Red Sox Nation member Bob Ekstrom has written us his thoughts about this year’s playoffs. Ekstrom, a good friend of the Squawkers, takes a look at what’s happening in the web each week on the Boston Sports Media site. He is also a contributor at Boston Dirt Dogs. Here are Bob’s surprising thoughts on this year’s postseason:

Thankfully, baseball’s lame ducks have gone home, and all the stat-piling in Boston and New York has ended. For the next week, we can devote our attention to divisional playoff series, or – as they’re thought of in both the Nation and Empire – the prelims before an imminent Sox–Yankees headliner.

It’s a fait accompli, right? After all, Boston is 4-0 in playoff series against the various incarnations of the Los Angeles Angels, winning 13 of 17 postseason games, including 12 of the last 13 going back to 2004. And for the Yankees, the fairytale season where everything has dropped into place continues. They’ve won 12 of 13 against the opponents in tonight’s A.L. Central play-in, and the only ALDS threat they face has been mitigated by the Twins, who have taken out Justin Verlander’s chances of starting two games by forcing him to pitch on Sunday. Of course, the Twins may wind up taking out the Tigers altogether, and what can brighten the Bronx outlook more than thoughts of Joe Nathan trying to hold a one-run lead in the bottom of the ninth at Yankee Stadium?

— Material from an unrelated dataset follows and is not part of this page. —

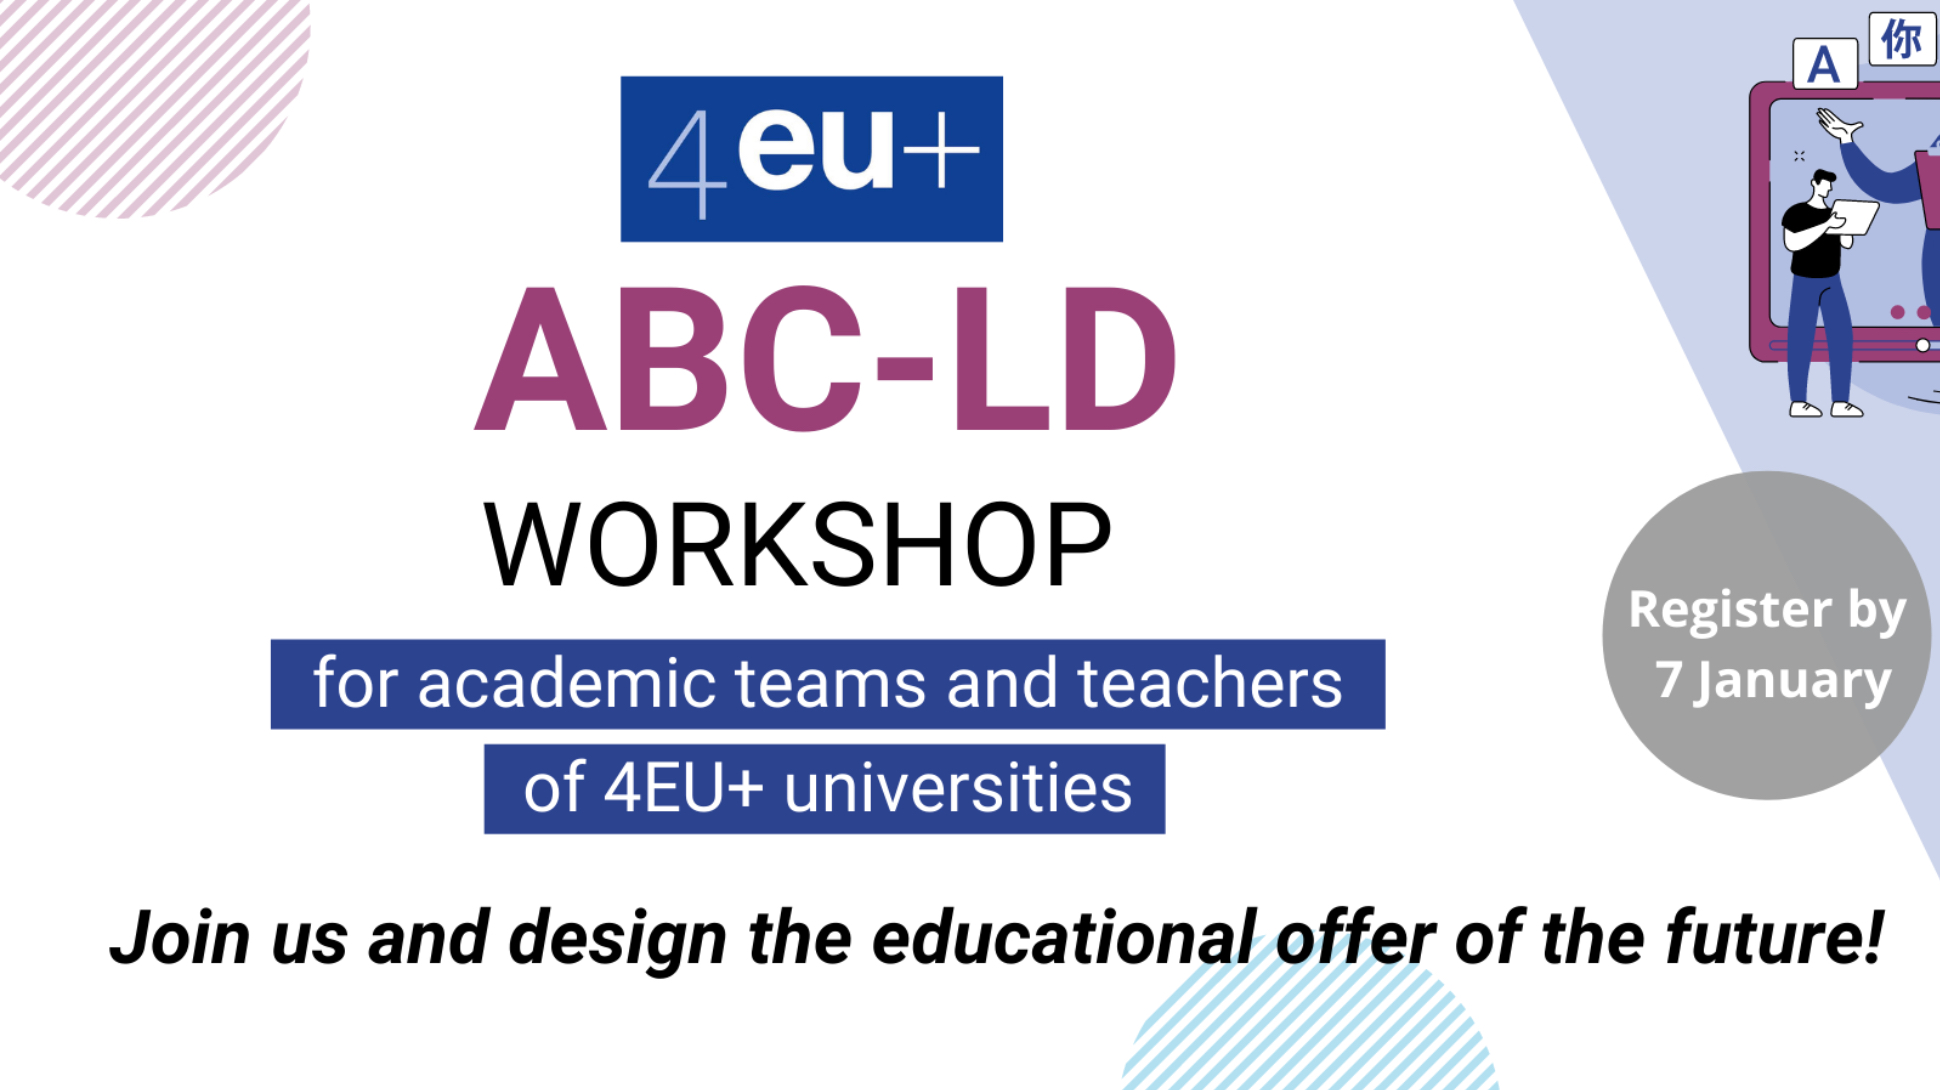 ABC-LD workshop for academic teams and teachers of 4EU+

So, clear the calendar in the third week of October for baseball’s greatest rivalry to play out. Or not.

Either a Boston or New York no-show would create an abyss on America’s stage more profound than Jon’s split from Kate Plus Eight, so I have to proceed cautiously in suggesting such blasphemy. Who, exactly, will Kanye up our big moment?

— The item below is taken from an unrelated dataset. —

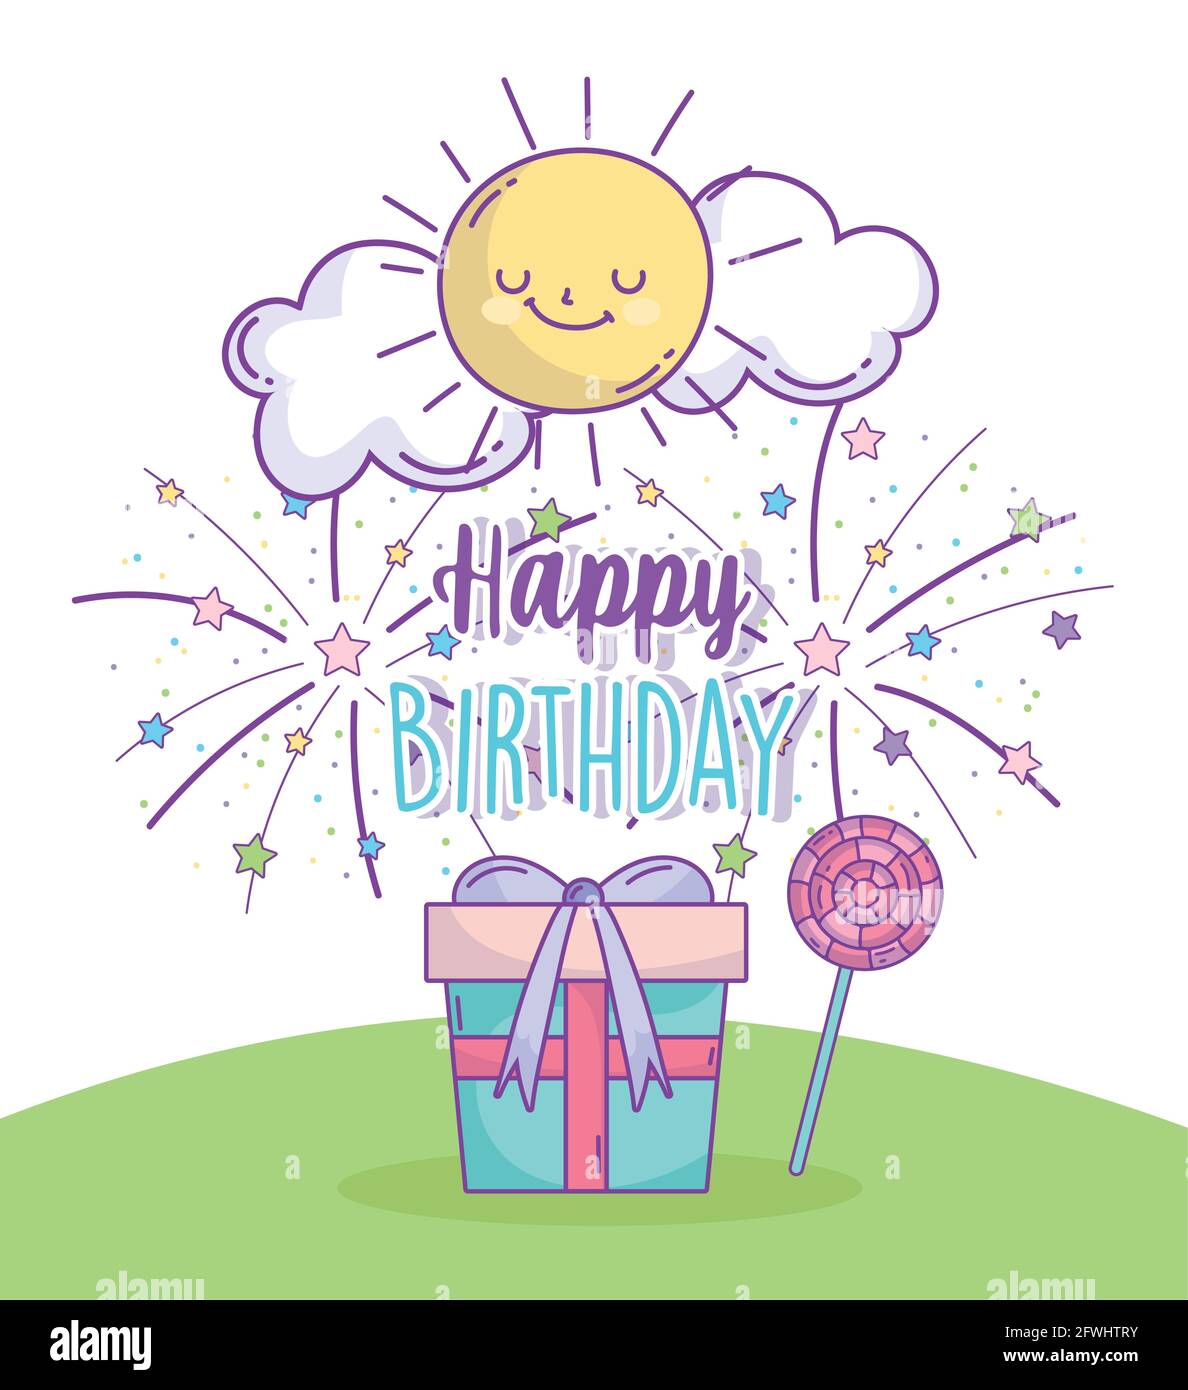 happy birthday party Stock Vector Image & Art - Alamy

Quite possibly, the Los Angeles Angels.

Truth be told, that sounds like nonsense to most of Red Sox Nation who argue that Boston is better this October – their lineup includes a healthy Lowell and a catcher who can hit, and Josh Beckett’s even-year/odd-year issues align in his favor – while the Angels haven’t improved much autumn-over-autumn. This is no slam on Kendry Morales, but he can’t fill Mark Teixeira’s void. Sox-killing Scott Kazmir may be a slight plus over Jon Garland, but Bobby Abreu is a break-even for Garret Anderson and Brian Fuentes is no K-Rod. The Angels’ lineup has aged while their bullpen is unseasoned.

Then, too, there’s that 12-of-the-last-13 thing. Hey, if the Angels managed only one win last postseason after beating the Sox eight times during the regular season, what shot do they have this year?

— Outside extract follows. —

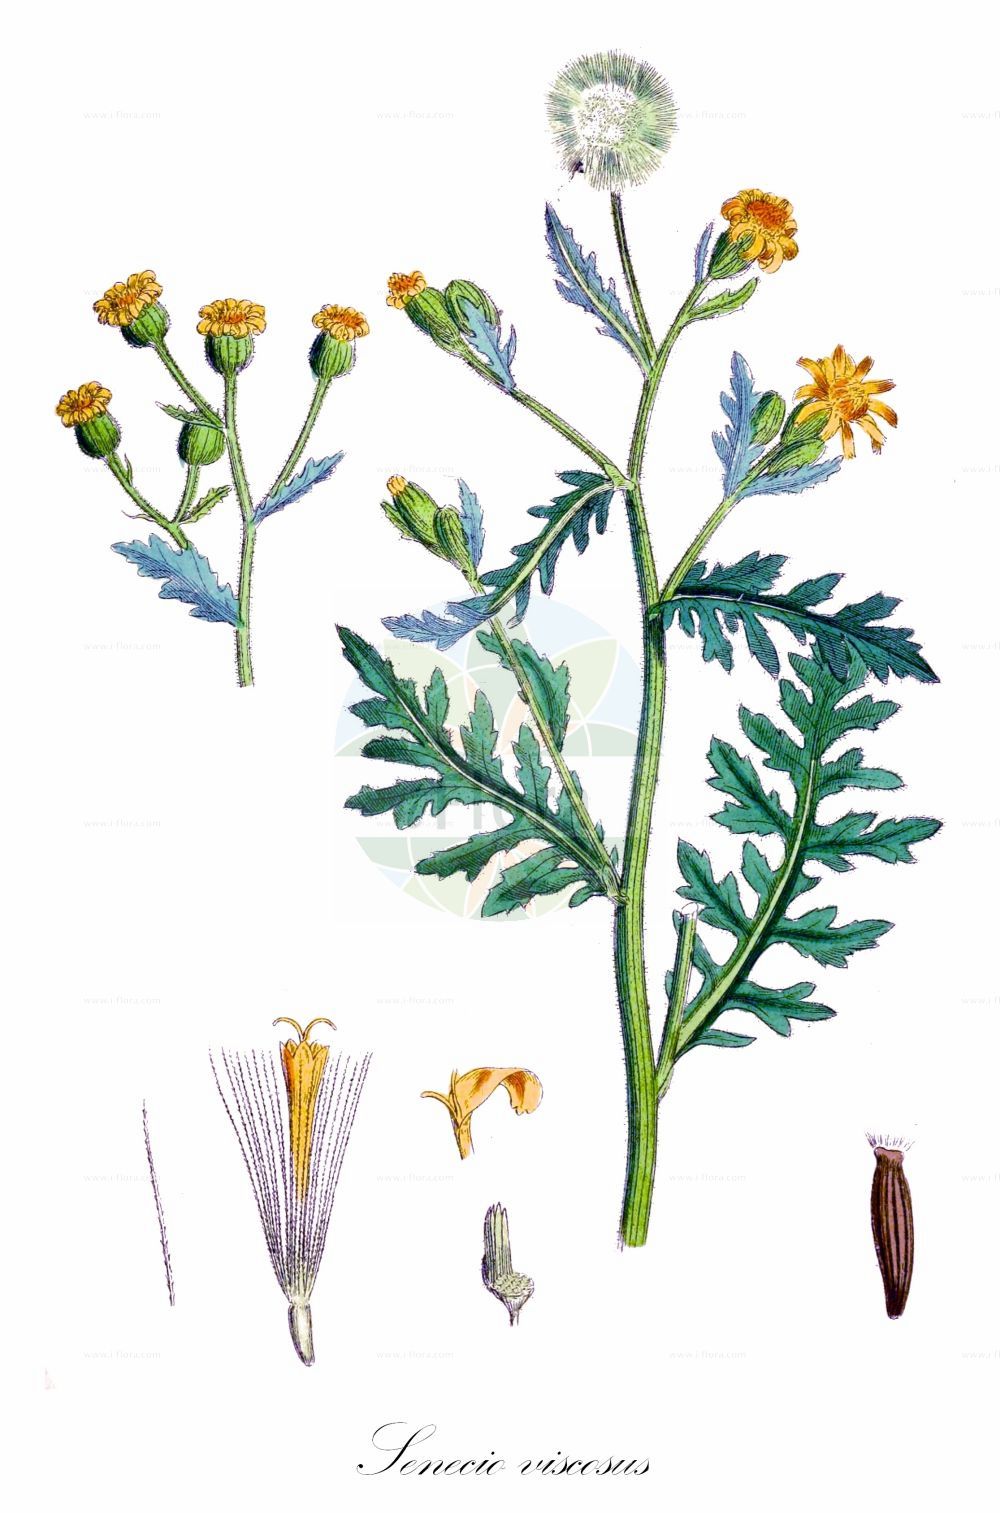 Historische Abbildung von Senecio viscosus (Klebriges Greiskraut - Sticky Groundsel). Das Bild zeigt Blatt, Bluete, Frucht und Same. ---- Historical Drawing of Senecio viscosus (Klebriges Greiskraut - Sticky Groundsel). The image is showing leaf, flower, fruit and seed.(Senecio viscosus,Klebriges Greiskraut,Sticky Groundsel,Senecio calvertii,Senecio viscosus,Klebriges Greiskraut,Sticky Groundsel,Fetid Groundsel,Sticky Ragwort,Stinking Groundsel,Senecio,Greiskraut,Ragwort,Asteraceae,Korbblütengewächse,Daisy family,Blatt,Bluete,Frucht,Same,leaf,flower,fruit,seed,Sowerby (1790-1813))

But here’s the thing: when you punch an opponent in the mouth enough times, he’s eventually going to punch you back.

Boston may have punched the Angels in the mouth one time too many after that mid-September series at Fenway Park in which they took two of three. The crowning moment was their grand theft of the middle game when, trailing 8-7 with two outs in the ninth, pinch-hitter Nick Green drew a bases-loaded walk on strike three and Juan Rivera lost all heart on Alex Gonzalez’s short fly to left that dropped in for the game-winner.

Something slapped the Angels in the face that night, the kind of slap your wife gives you when you’re sleeping off a hangover after making a fool of yourself the night before and she has to get you up because it’s a work day and – well – you’re down to your last strike with the boss as it is . . . I’m just saying.

Anyway, there’s something else bothersome about this Angels series. The Red Sox haven’t acted like they believe they can beat the Yankees. The fans see it, but it’s the elephant in every living room across New England. We have a pact to never mention the late September sweep in Yankee Stadium without an obligatory reference to it being meaningless.

Granted, salvaging a series split after getting off to an eight-game head-start has proven meaningless, seeing that a divisional tie-breaker wound up as useful as a team of canvassers in an Iranian presidential election. However, this series originally represented the difference between a two-game deficit and mathematical elimination, one in which Boston manager Tito Francona slotted 22 regulars into his three starting lineup cards (the Yankees used 24). The Sox went into Yankee Stadium winners of 12 of their last 15, yet the Yankees determined to dial up a sweep and clinch the division at their expense, and Boston obliged.

For now, the Red Sox must keep New York out of mind and stay focused on an Angels squad hell-bent on retaliation. That job will fall on Francona, and it may be the most important he’ll shoulder this autumn. It’s also the one he does best. If Boston can make it that far, another classic showdown for the much-coveted American League pennant could loom. My only advice would be to avoid spotting the Yankees the first three games this year.